Gender diversity is also known in Judaism, specifically from the Talmud. But it's a bit different from modern understanding of gender. The channel UsefulCharts explains it better than me in the following timestamped youtube link https://www.youtube.com/watch?v=nBeDU09o9Hw&t=1312
government to acknowledge only two genders, erasing the identities of an estimated 1.6 million Americans who are transgender
Let's reiterate that the "2 genders" thing is a cocktail of misconceptions and erroneous assumptions about sex and gender. It erases intersex and non-binary identities, but it does not at face value refute directly gender transitions, unless the problematic context is upheld.
So please don't reproduce the false idea that the adage "there are only two genders" has anything to do with the existence of transgender people, because this way you perpetuate the misinformation.
Their articulation of "2 genders" is bioessentialist and in the case of the U.S. government, explicitly trans-denying (Trump's executive order for examples defines two genders based on gametes, something that is clearly meant to deny trans identity).

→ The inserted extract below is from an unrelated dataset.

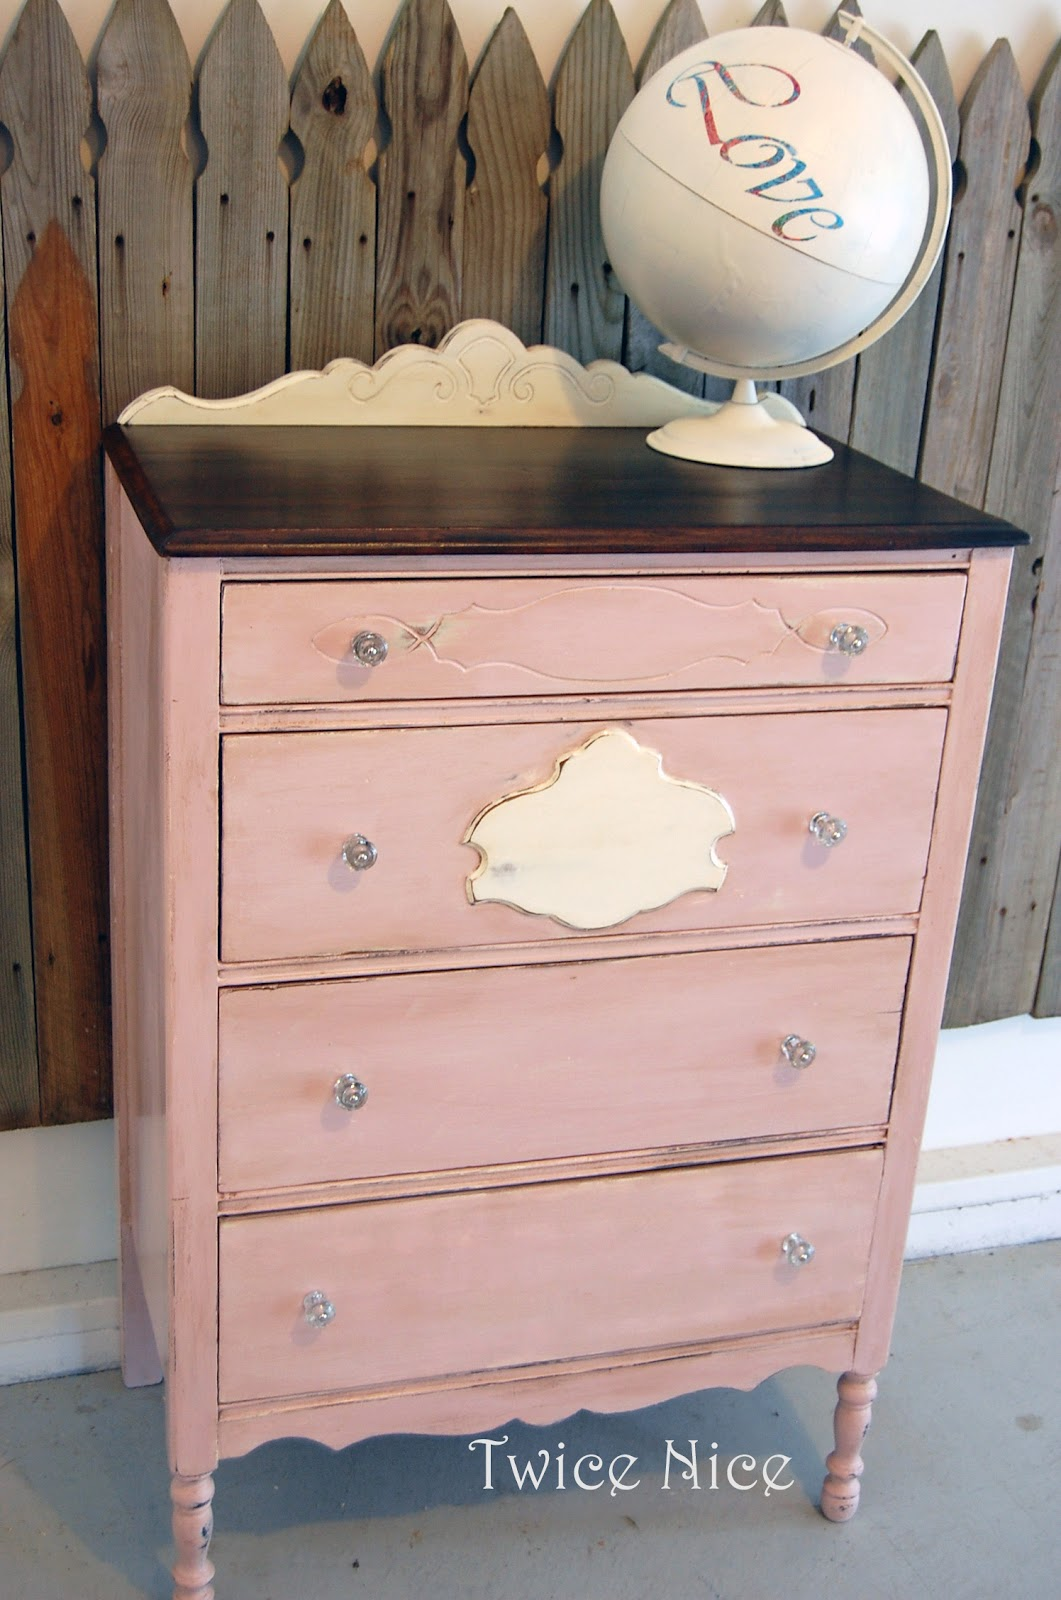 Pink Dressers For Girls Bedroom Set: Twice Nice: Sweet Pink Dresser

I don't think you can reasonably consider the "2 genders" idea as trans-accepting, even if there is theoretically some articulation of a gender binary that could be trans-affirming - that's just not the context we're in.
I didn't. Trumps executive order is explicitly cisgenderist, but trans people are not a third gender.
You need to add that "gametes" stuff for it to invalidate gender transition. Like, even TERFs made this point only in the recent years. This is not to mean that the "2 genders" adage is trans-accepting, but it does not exclude trans people by itself, as it literally does with intersex and non-binary. It is the shared set of beliefs that makes it such the transphobic slogan, and before "gametes" it could be a number of other things - like gender essentialism.
People who say "we accept all genders, we let trans women into the women's toilet" are in fact third-gendering trans-people. This is IMHO problematic, and people with your or OPs record of curating trans-related journalism should be aware of it.